Consistent with some embodiments, an ophthalmic visualization system can be provided. The ophthalmic visualization system can include a computing device in communication with an OCT system configured to scan a surgical field to generate an OCT image. The computing device can be configured to determine locations within the surgical field corresponding to locations within the OCT image. The ophthalmic visualization system can also include an indicator mechanism in communication with the computing device and a surgical microscope configured to image the surgical field. The indicator mechanism can be configured to cause a location indicator to be positioned within a field of view of the surgical microscope. The location indicator can graphically represent the locations within the surgical field corresponding to the locations within the OCT image.

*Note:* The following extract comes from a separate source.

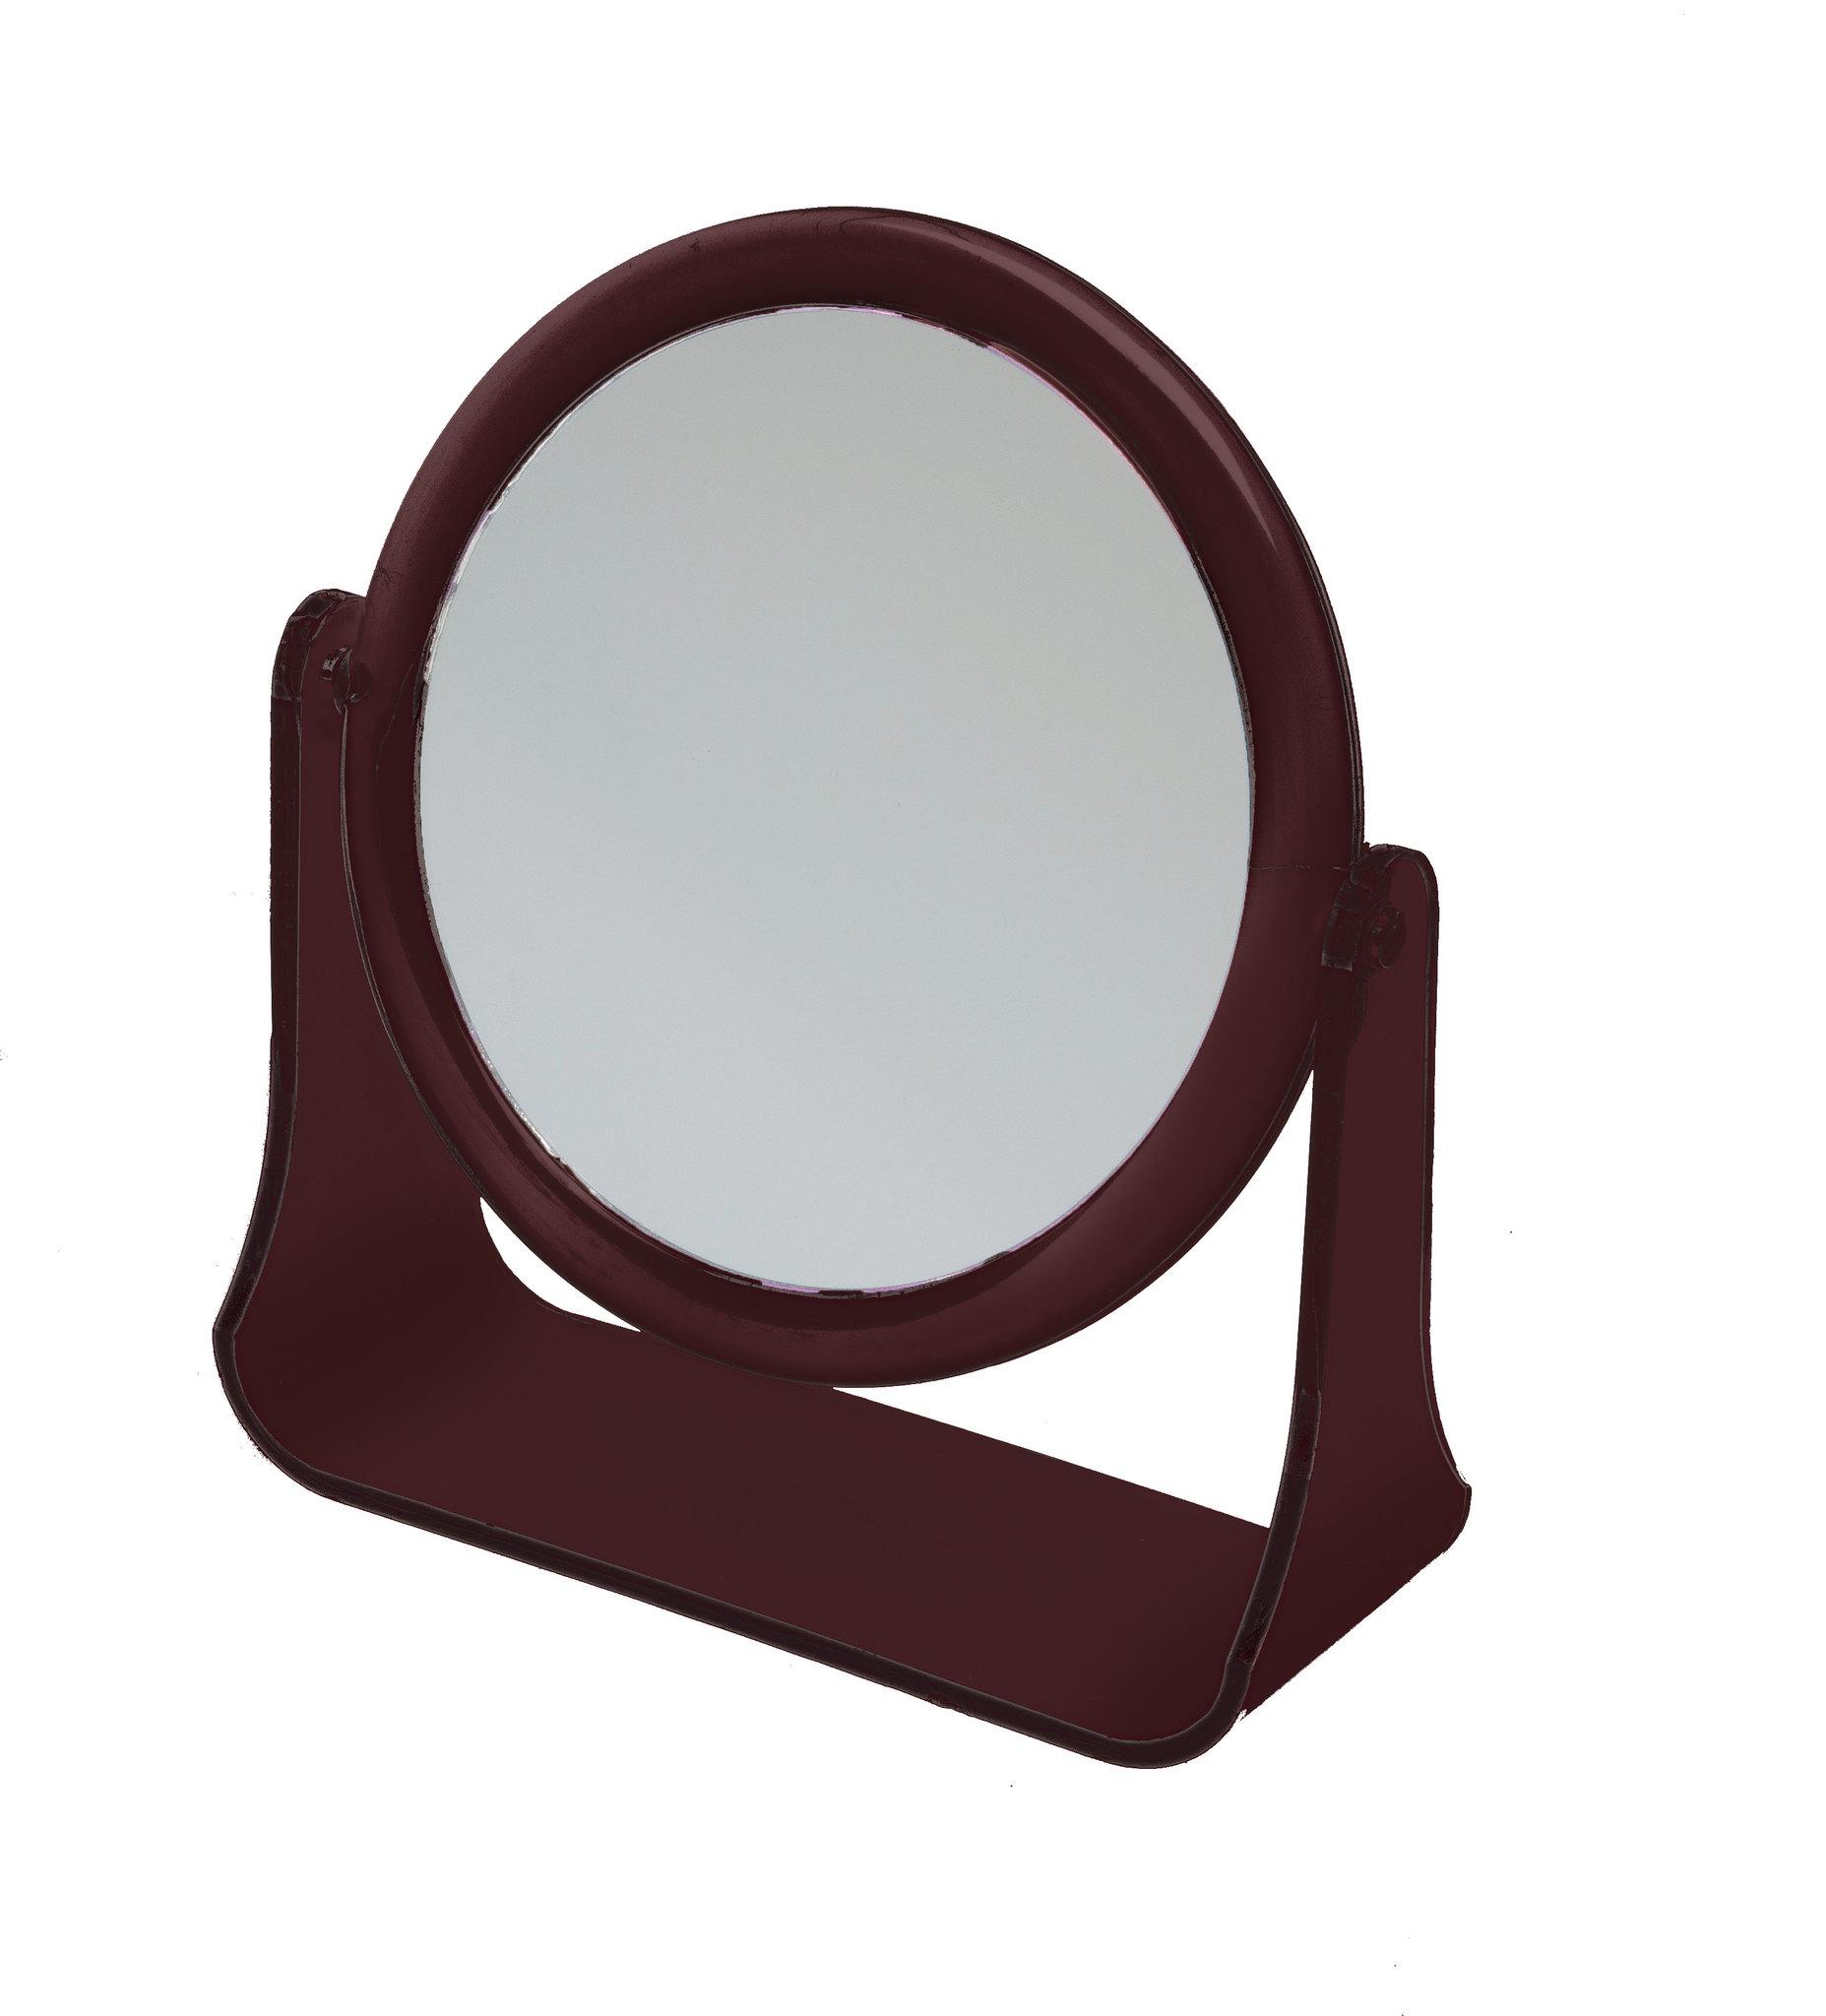 Зеркало Dewal Beauty настольное, в оправе янтарного цвета, на пластковой подставке, 178x160х10мм

Consistent with some embodiments, a method of visualizing an ophthalmic surgical procedure. The method can include scanning a surgical field using an OCT system. The method can also include determining, using a computing device in communication with the OCT system, locations within the surgical field corresponding to locations within an OCT image. The OCT image can be generated based on the scanning the surgical field using the OCT system. The method can also include outputting a location indicator within a field of view of a surgical microscope viewing the surgical field. The location indicator can graphically represent the locations within the surgical field corresponding to the locations within the OCT image.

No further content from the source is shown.